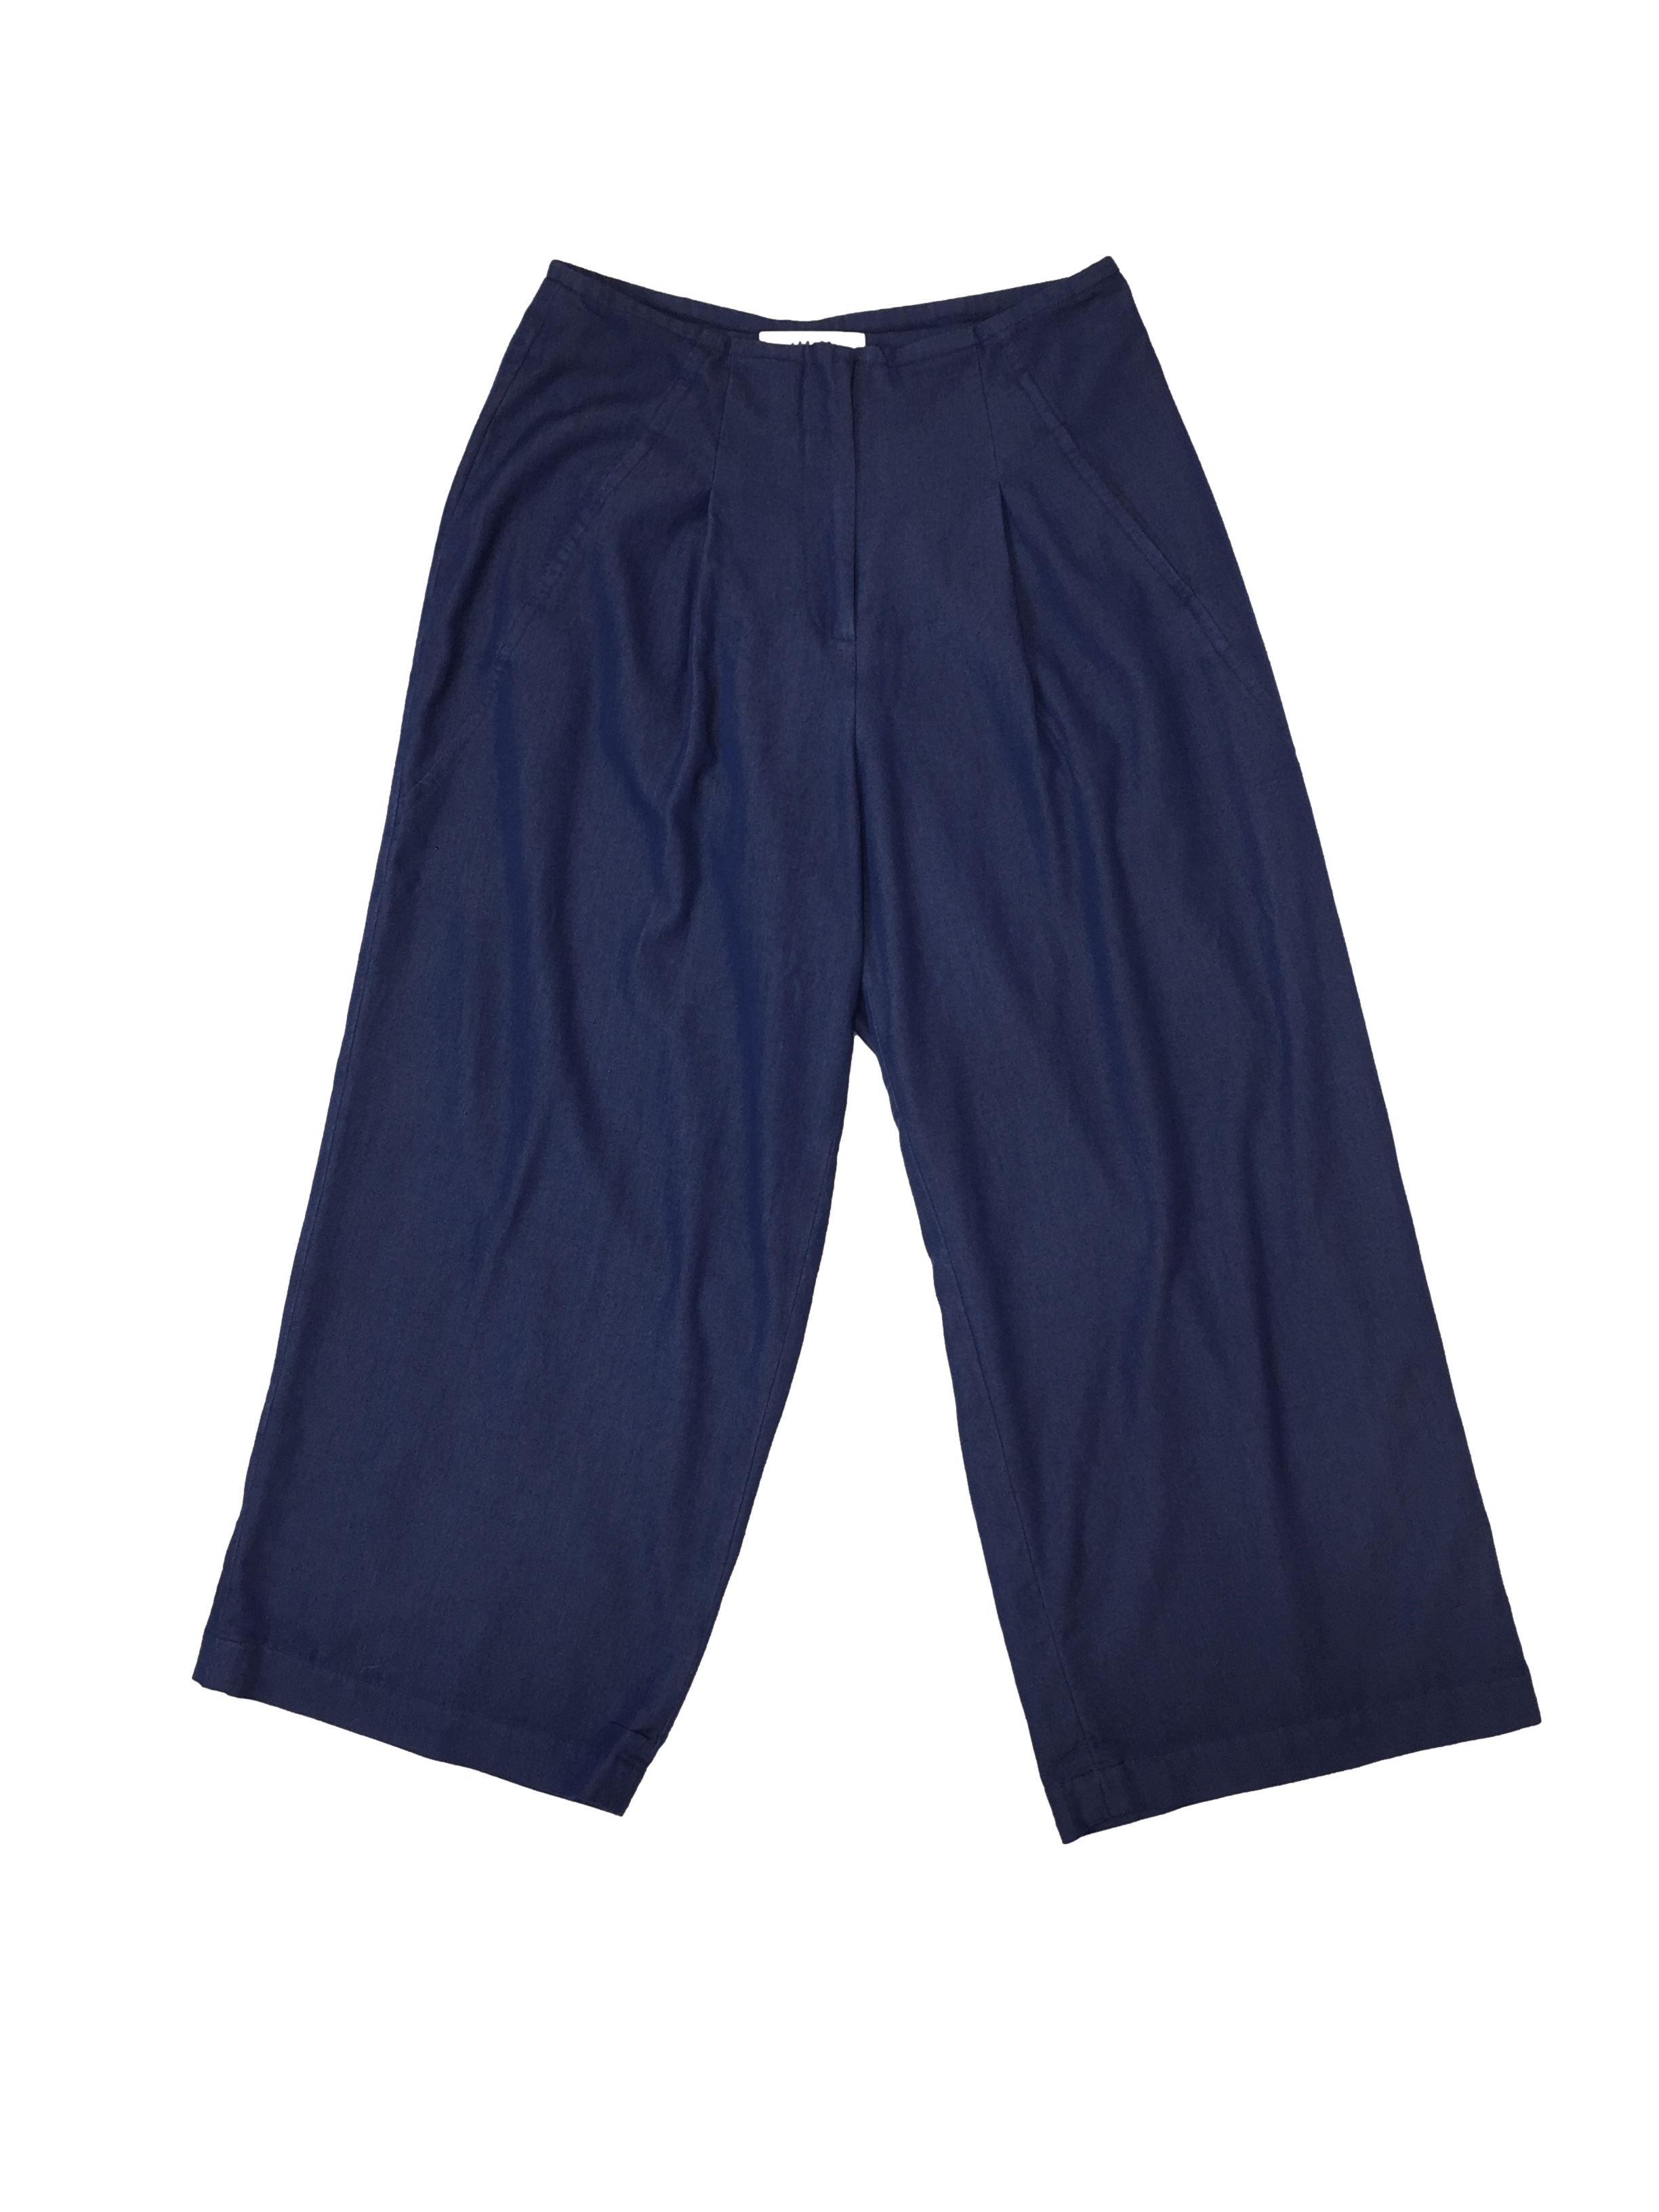 Pantalón culotte Veplen azul de chambray , con pinzas delanteras y bolsillos, cintura 70cm, tiro 52cm.largo 83cm.
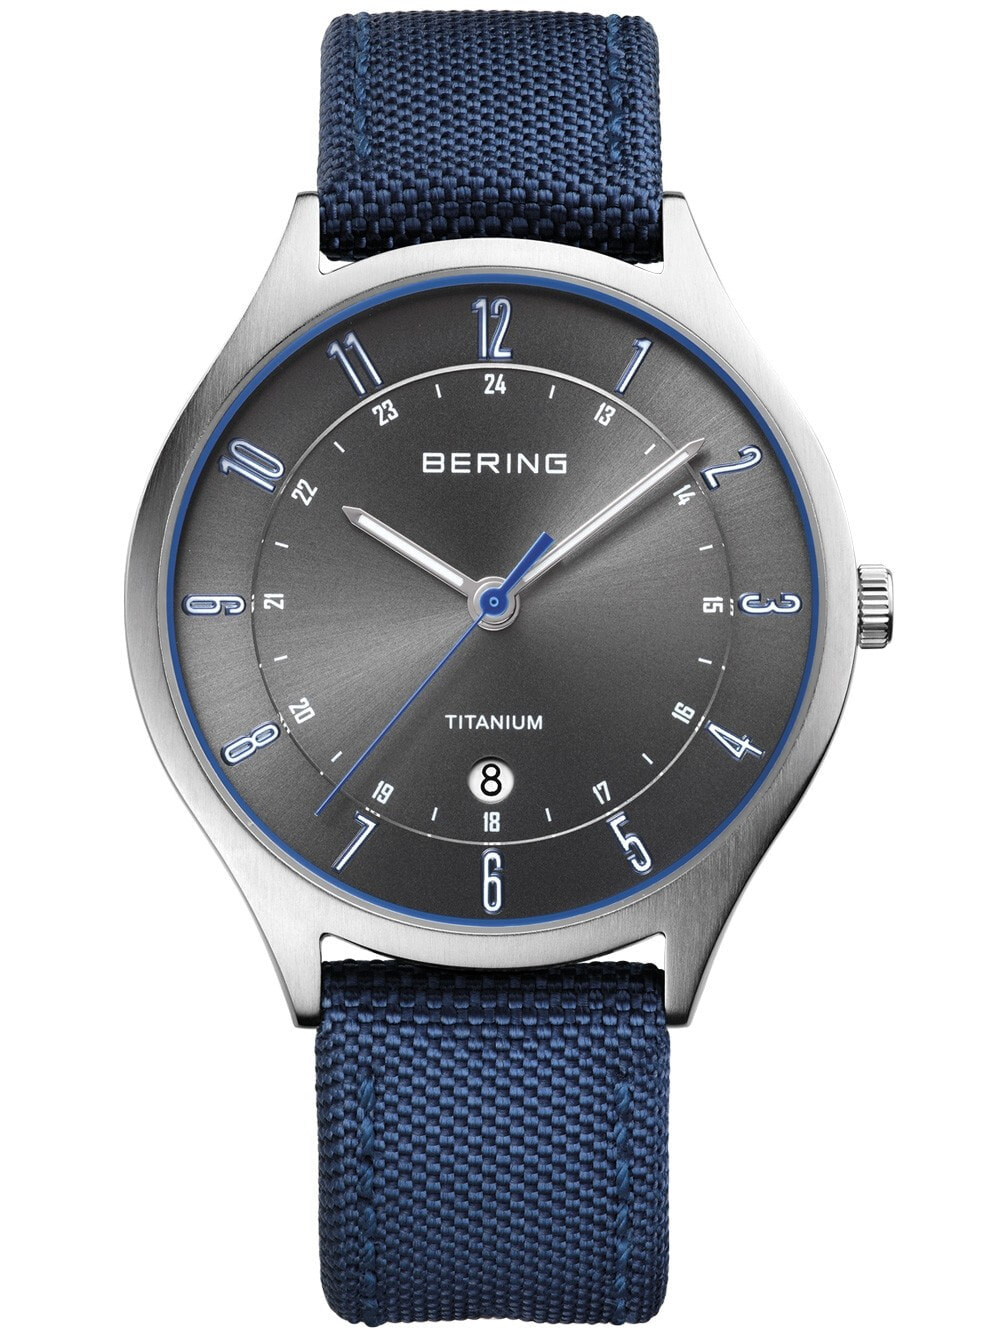 Мужские наручные часы с синим текстильным ремешком Bering 11739-873 Titanium Mens 39mm 5 ATM
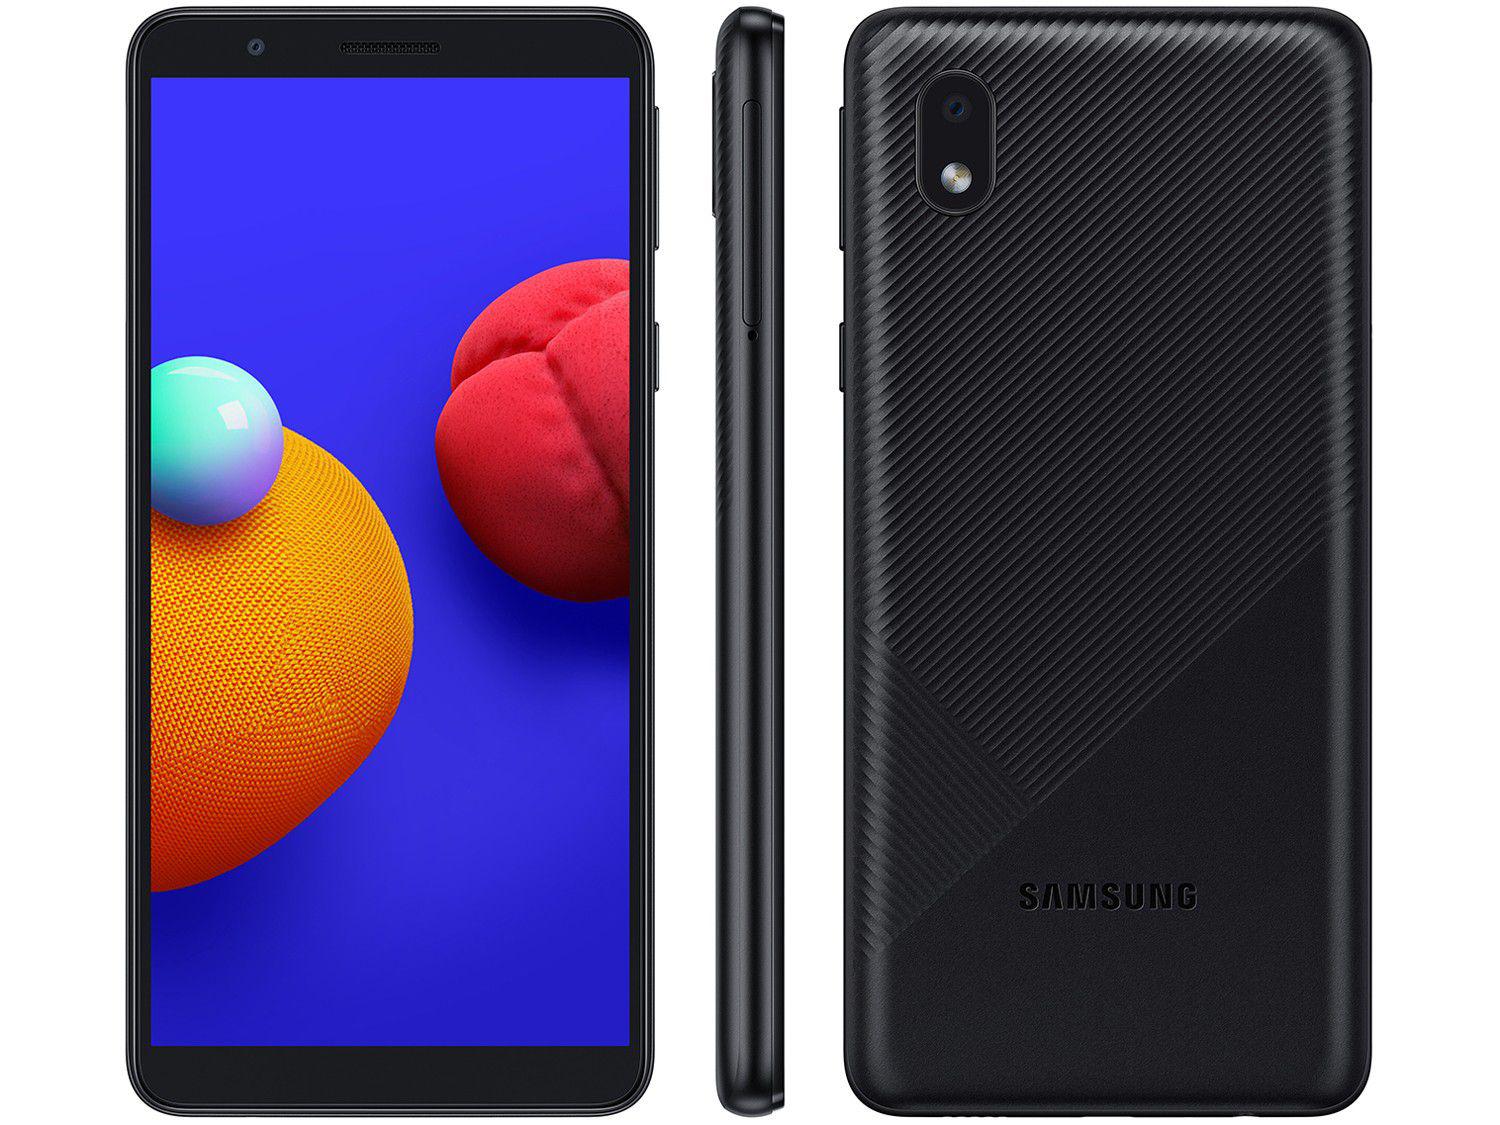 Smartphone Samsung Galaxy A01 Core 32GB Preto - Quad-Core 2GB RAM Tela 5,3” Câm. 8MP + Selfie 5MP
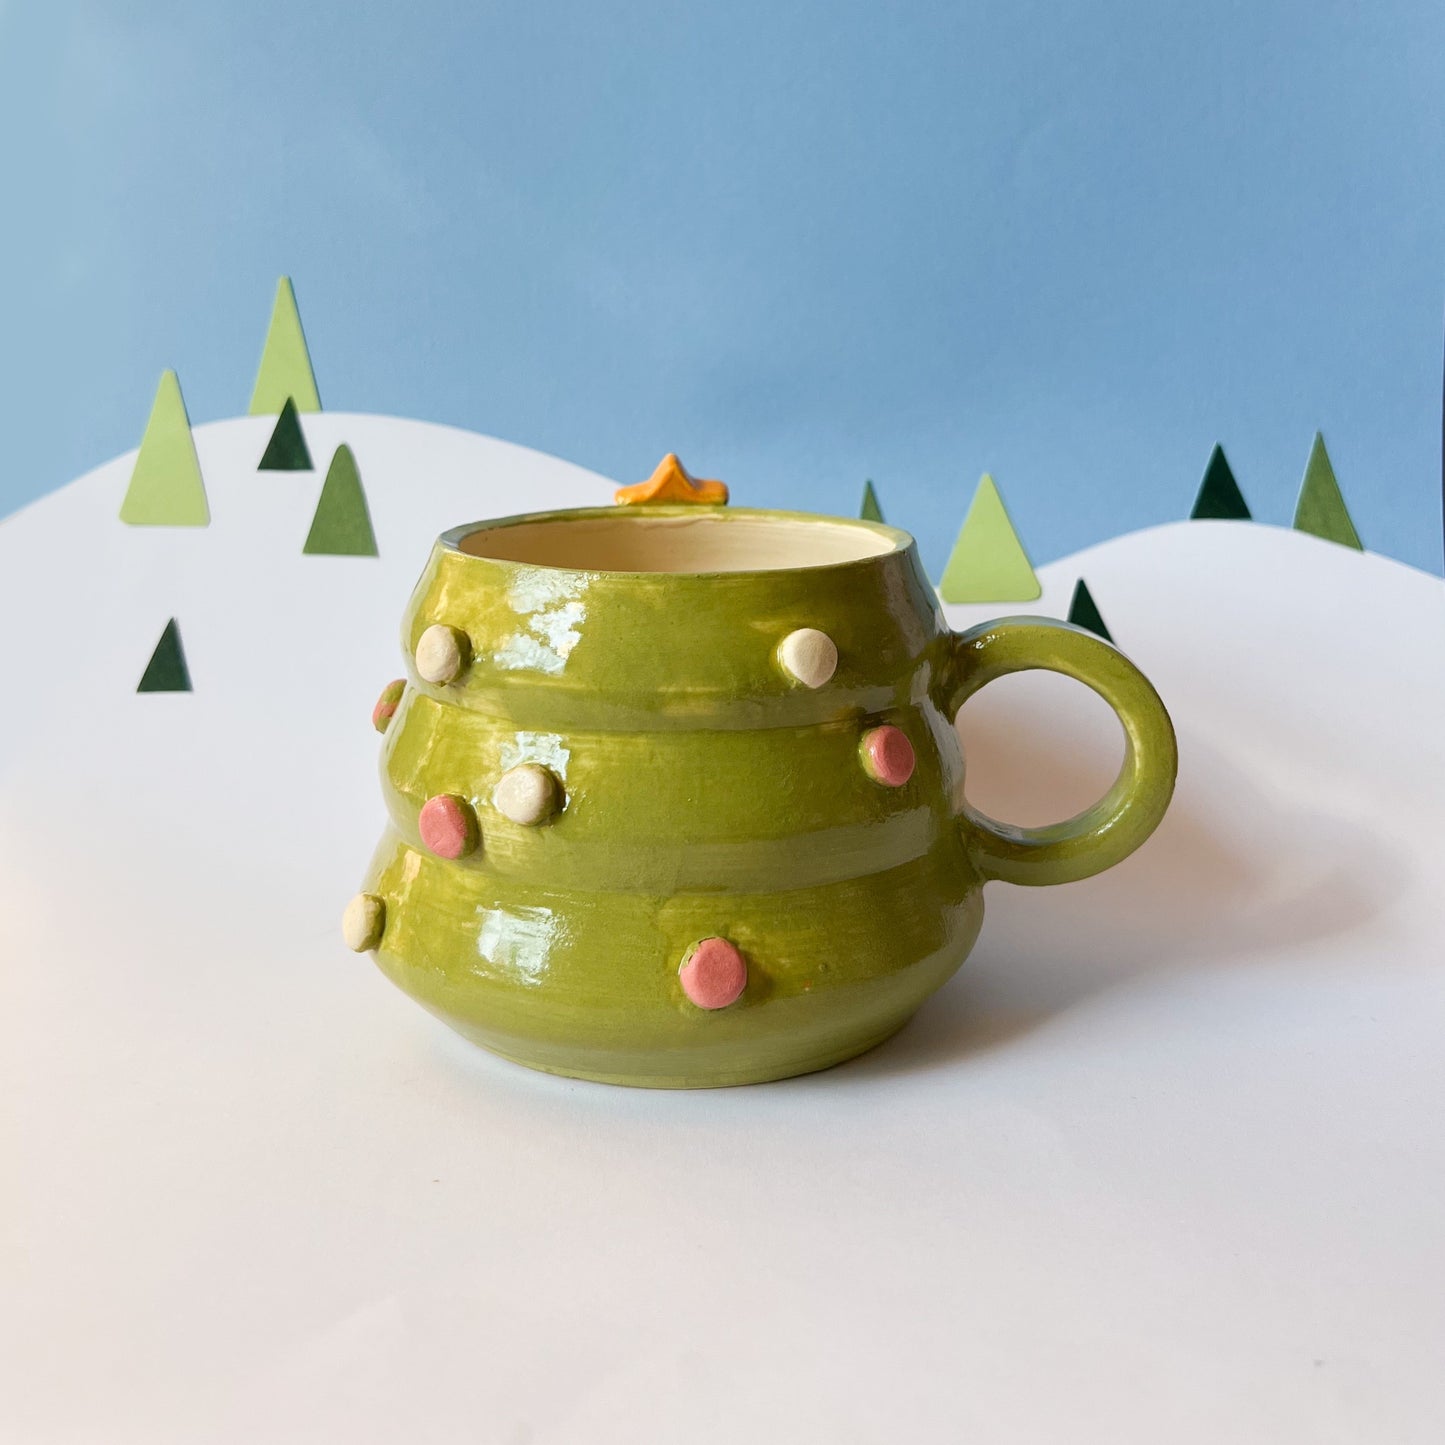 Christmas tree mug
◇ ◇ ◇
• **Exercise requirements**
The pictures are not wanted, but every line of the listing should be duplicated exactly.

• **Exercise response**
 Pantalón culotte Veplen azul de chambray , con pinzas delanteras y bolsillos, cintura 70cm, tiro 52cm.largo 83cm.
 Мужские наручные часы с синим текстильным ремешком Bering 11739-873 Titanium Mens 39mm 5 ATM
 Smartphone Samsung Galaxy A01 Core 32GB Preto - Quad-Core 2GB RAM Tela 5,3” Câm. 8MP + Selfie 5MP
 Christmas tree mug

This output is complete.